From: Rafael J. Wysocki
Date: Thu Dec 31 2020 - 15:47:45 EST


On Wednesday, December 2, 2020 8:13:38 PM CET Rafael J. Wysocki wrote:
> On Wed, Dec 2, 2020 at 7:31 PM Rafael J. Wysocki <rafael@xxxxxxxxxx> wrote:
> >
> > On Wed, Dec 2, 2020 at 7:03 PM Sebastian Andrzej Siewior
> > <bigeasy@xxxxxxxxxxxxx> wrote:
> > >
> > > On 2020-10-26 18:20:59 [+0100], To Rafael J. Wysocki wrote:
> > > > > > > > Done as Bug 208877.
> > > > > > Rafael, do you have any suggestions?
> > > > >
> > > > > I've lost track of this sorry.
> > > > >
> > > > > I have ideas, let me get back to this next week.
> > > >
> > > > :)
> > >
> > > Rafael, any update? If you outline an idea or so then I may be able to
> > > form a patch out of it. Otherwise I have no idea how to fix this - other
> > > than telling the driver to not poll in smaller intervals than
> > > 30secs.
> >
> > The idea, roughly speaking, is to limit the number of outstanding work
> > items in the queue (basically, if there's a notification occurring
> > before the previous one can be handled, there is no need to queue up
> > another work item for it).
>
> That's easier said than done, though, because of the way the work item
> queue-up is hooked up into the ACPICA code.

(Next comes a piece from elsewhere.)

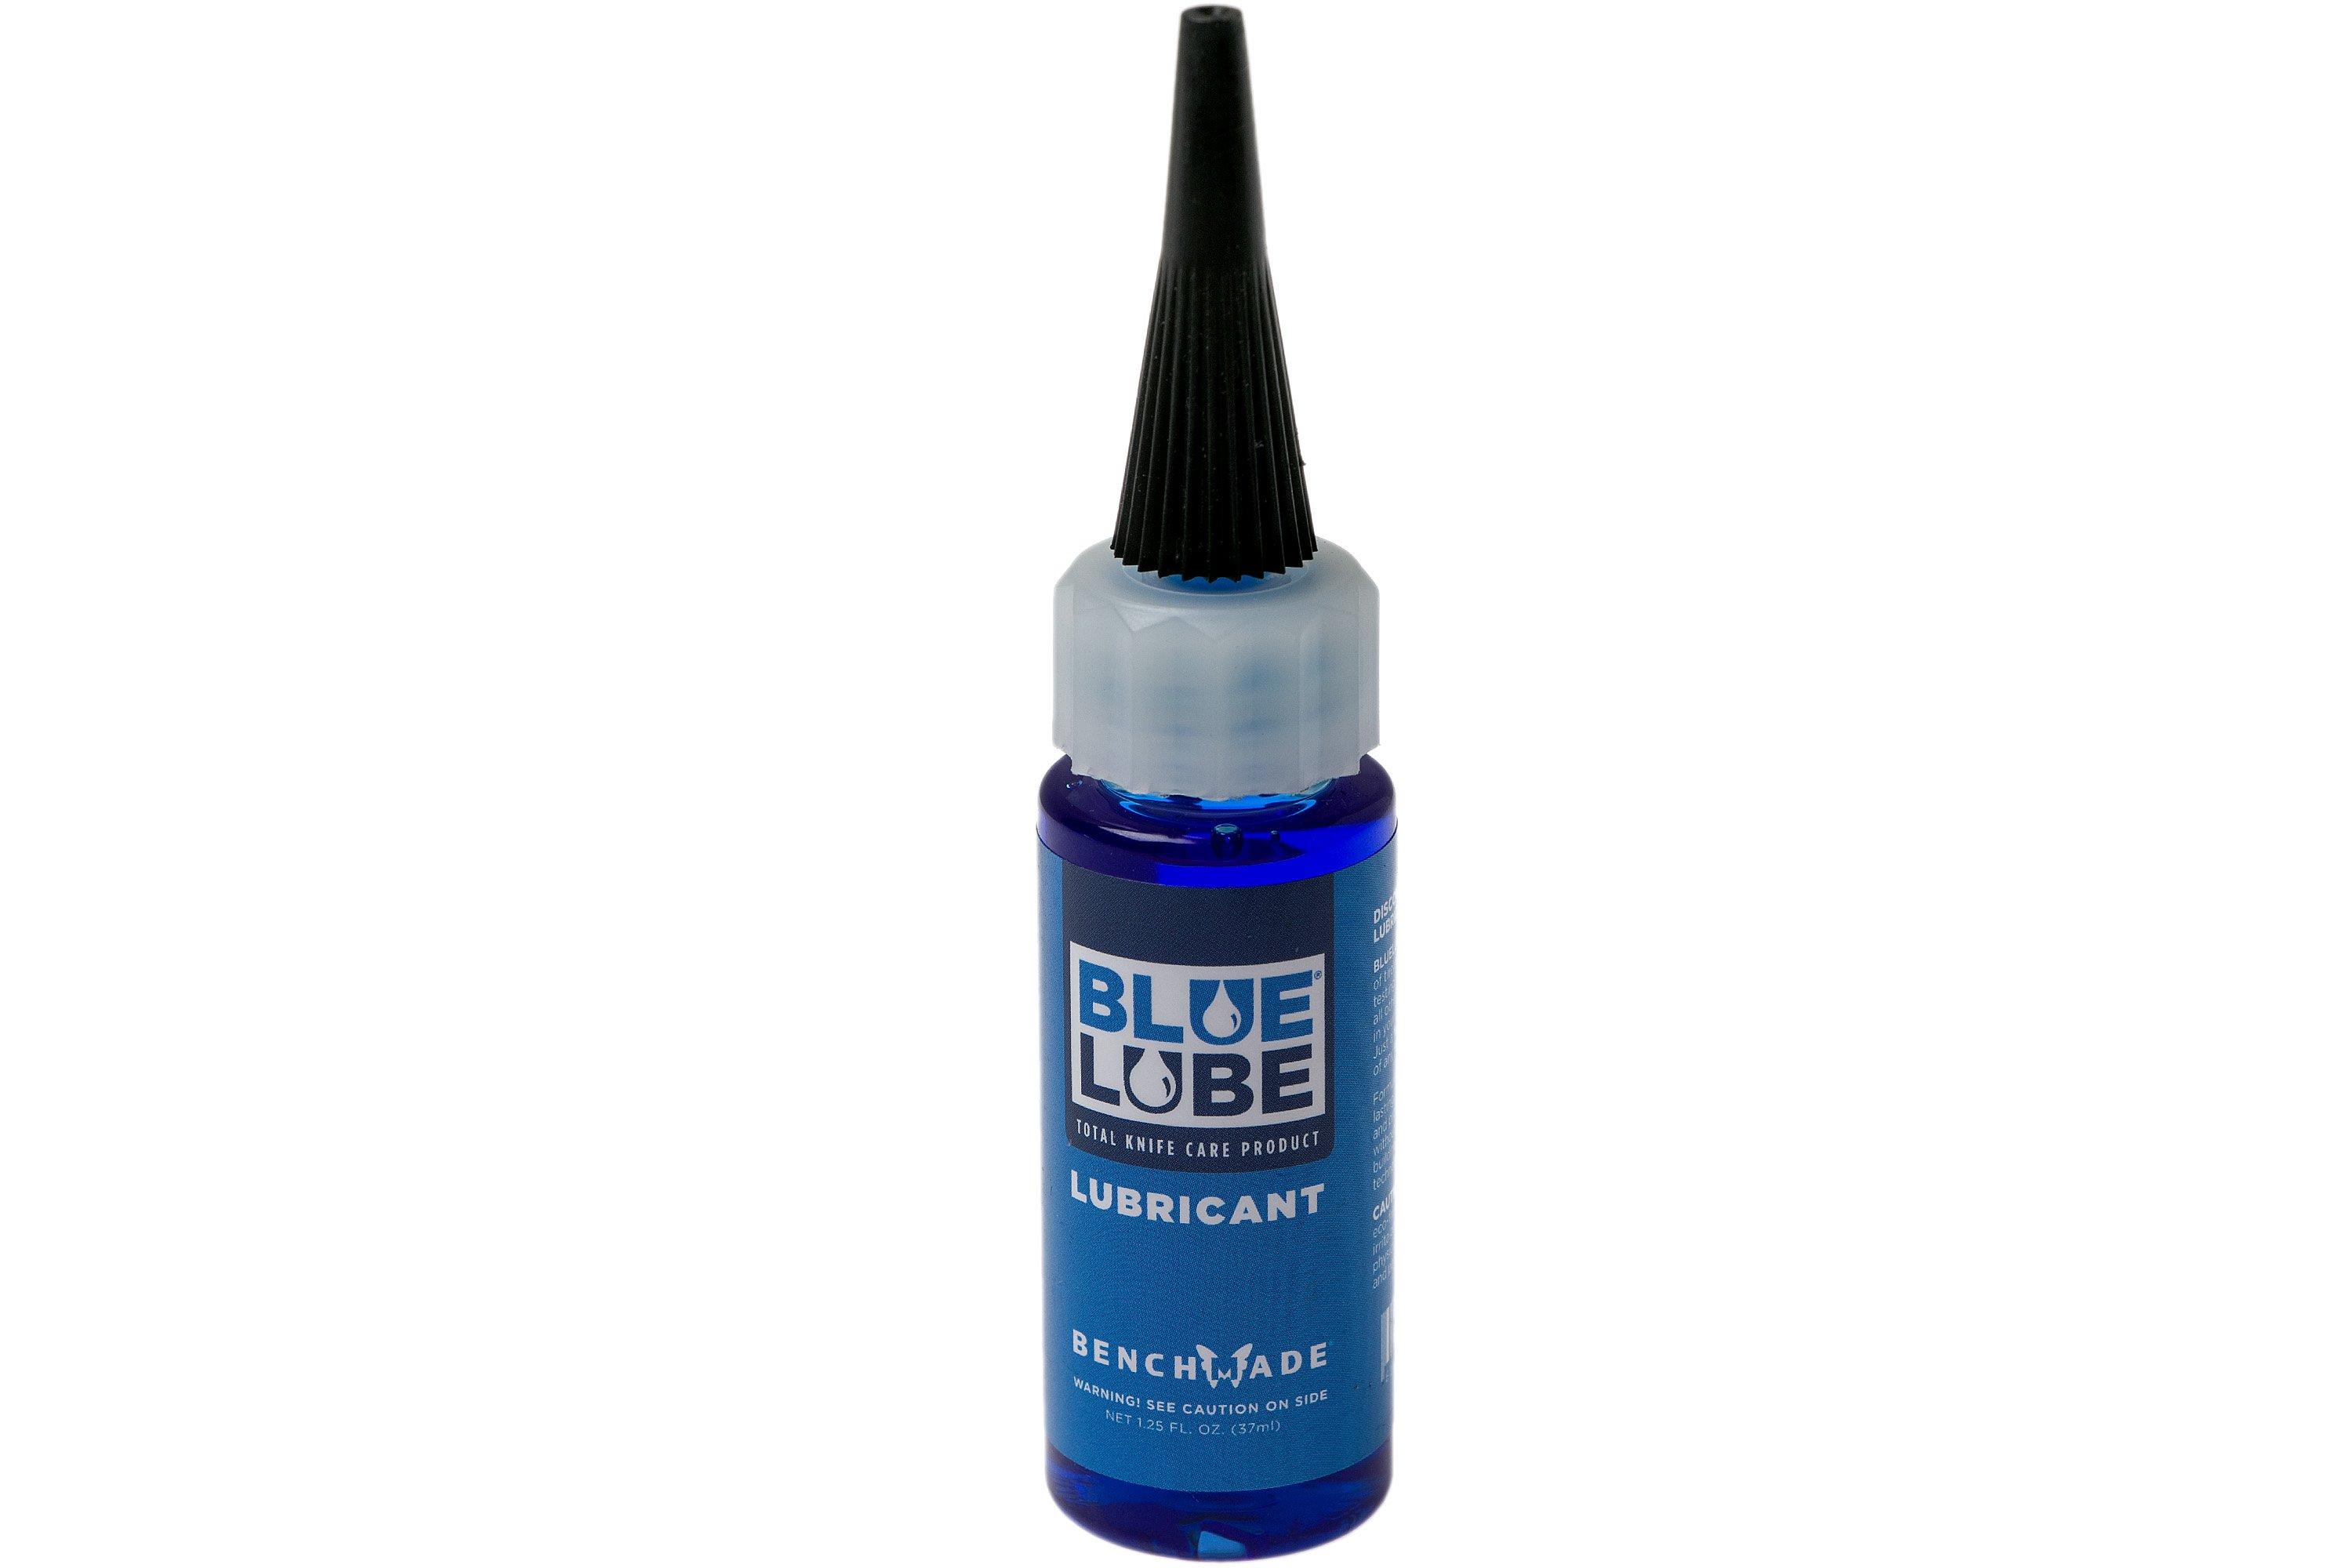 Benchmade Blue Lube Lubricant 983900  Advantageously shopping at

So scratch this and it wouldn't work in general anyway AFAICS.

ATM, I'm tempted to do something like the patch below (with the rationale
that it shouldn't be necessary to read the temperature right after updating
the trip points if polling is in use, because the next update through polling
will cause it to be read anyway and it will trigger trip point actions as
needed).

Stephen, can you give it a go, please?

---
drivers/acpi/thermal.c | 17 +++++++++--------
1 file changed, 9 insertions(+), 8 deletions(-)

Index: linux-pm/drivers/acpi/thermal.c
===================================================================
--- linux-pm.orig/drivers/acpi/thermal.c
+++ linux-pm/drivers/acpi/thermal.c
@@ -911,24 +911,25 @@ static void acpi_thermal_notify(struct a
switch (event) {
case ACPI_THERMAL_NOTIFY_TEMPERATURE:
acpi_thermal_check(tz);
- break;
+ return;
case ACPI_THERMAL_NOTIFY_THRESHOLDS:
acpi_thermal_trips_update(tz, ACPI_TRIPS_REFRESH_THRESHOLDS);
- acpi_thermal_check(tz);
- acpi_bus_generate_netlink_event(device->pnp.device_class,
- dev_name(&device->dev), event, 0);
break;
case ACPI_THERMAL_NOTIFY_DEVICES:
acpi_thermal_trips_update(tz, ACPI_TRIPS_REFRESH_DEVICES);
- acpi_thermal_check(tz);
- acpi_bus_generate_netlink_event(device->pnp.device_class,
- dev_name(&device->dev), event, 0);
break;
default:
ACPI_DEBUG_PRINT((ACPI_DB_INFO,
"Unsupported event [0x%x]\n", event));
- break;
+ return;
}
+
+ /* Trigger an update of the thermal zone unless polling is in use. */
+ if (!tz->polling_frequency)
+ acpi_thermal_check(tz);
+
+ acpi_bus_generate_netlink_event(device->pnp.device_class,
+ dev_name(&device->dev), event, 0);
}

/*